Eligible: A Modern Retelling of Pride and Prejudice (The Austen Project #4)

“We’re actually—” Liz began, and Charlotte said, “We’d love to.”

As Charlotte turned off the engine, Darcy said, “I hope Roger wasn’t rude. He’s the caretaker, not my bodyguard, but he can be overzealous because we sometimes get people snooping around the property.”





FOR ONCE, LIZ wouldn’t have asked, but Charlotte did, in a way that somehow seemed as neutral a question a person might pose about an exhibit in a museum, and Darcy answered in kind: The main house at Pemberley was nineteen thousand square feet and contained twelve bedrooms and seventeen bathrooms; there also was a guesthouse, a caretaker’s cottage, and a currently unused stable.

They entered through the foyer, made a right into a hallway with a high, arched ceiling, made another right, and found themselves in a ballroom, a vast space with a walnut floor, mostly empty save for two spectacular crystal chandeliers, matching marble fireplaces at either end of the room, and a half dozen murals featuring scenes from what Darcy identified as England’s Lake District. He said, “I suspect that my great-great-grandfather thought a veneer of British elegance would distract from his having run away from his home in rural Virginia at the age of thirteen.”

“Rags to riches,” Charlotte said, and Liz said, “So Pemberley has been in your family all this time?”



“Which is why my sister fears that we’ll be letting down all our ancestors by donating it to the National Trust for Historic Preservation, whereas I think the opposite. Neither Georgie nor I will ever have a family big enough to justify this kind of space. Nobody has a family big enough.”

They walked from the ballroom into a trophy room, then an oak-paneled study with an oil painting over the fireplace of a balding, somber man wearing a black tie, a white shirt with an upturned collar, a black waistcoat, a black jacket, and a pocket watch whose gold chain was visible.

“That’s the original Fitzwilliam Darcy, my great-great-grandfather,” Darcy said. “He started building Pemberley in 1915, by which point he’d established himself as a railroad and borax-mining magnate. I’m sure you’ve heard the saying about every fortune being built on a great crime.”

Liz, who had spoken little since entering the house, tried to sound normal as she asked, “Should I pretend to know what borax is?”

“Charlotte, I bet you know from Procter & Gamble.” To Liz, Darcy said, “Sodium borate. A compound that’s in everything from detergent to fiberglass.” They were in the library, where scores of leather-bound books sat on built-in shelves, and an enormous Persian rug covered the floor.

“Are the books fake?” Liz asked. “No offense.”

“They have pages with words on them, if that’s what you’re asking. But yes, I’m sure that even when they were first acquired, they were a bit of an affectation. I once read a copy of Treasure Island I found in here, but we mostly lived upstairs. The whole first floor, as you can see, has a public feel to it, and my mother was very civically involved. She and my father hosted lots of fundraising events.”

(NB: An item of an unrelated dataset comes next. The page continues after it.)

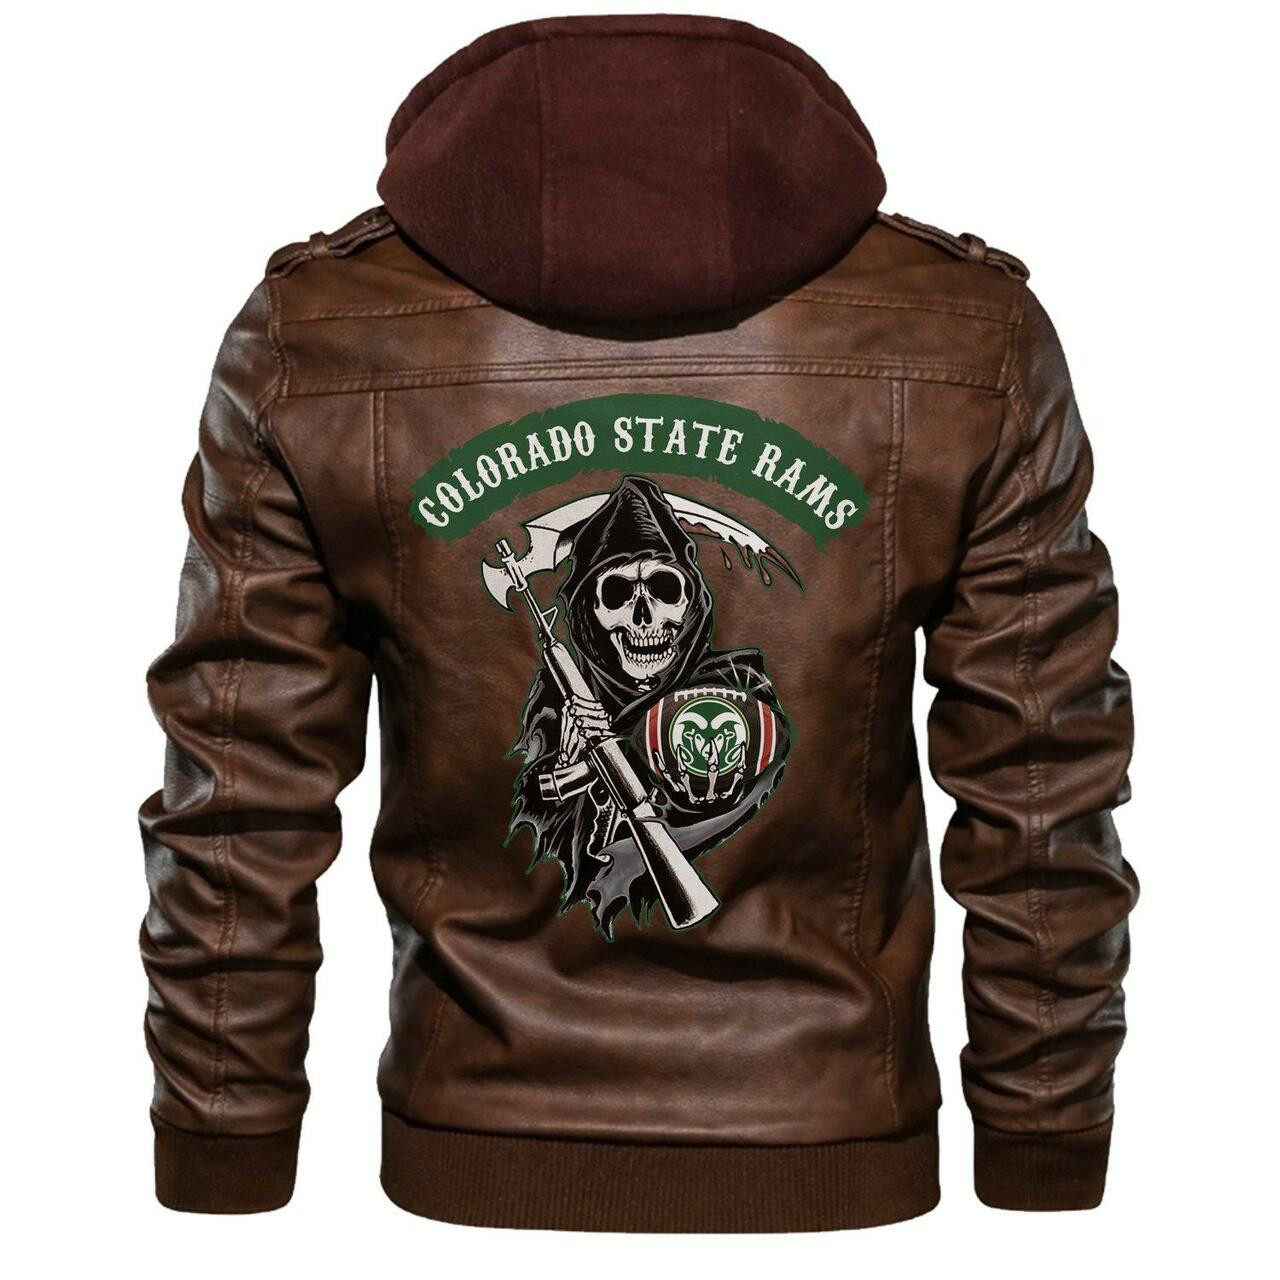 Top leather jacket Sells Best on Techcomshop 2

“It’s like the White House,” Charlotte said, and Darcy said, “In a way, I suppose.”

From the library, they proceeded through the reception room, which was a sort of mini–living room; the drawing room, which was another sort of mini–living room, this one apparently intended for women to retire to when the men enjoyed their post-dinner cigars and brandy; then the dining room, the butler’s pantry, and the kitchen. In the reception room, Darcy had gestured at the doorway, which was framed by columns and a peaked roof, and said to Liz, “All that trim is known as an aedicule—that’s a good word for a writer, huh?”



Who was this man, this gracious and genial host sharing his time, demonstrating impeccable manners in a context in which he’d have been justified showing the opposite? And how strange it was that he’d grown up in this ludicrous house; truly, it seemed more like the set of a television show about opulence than a home.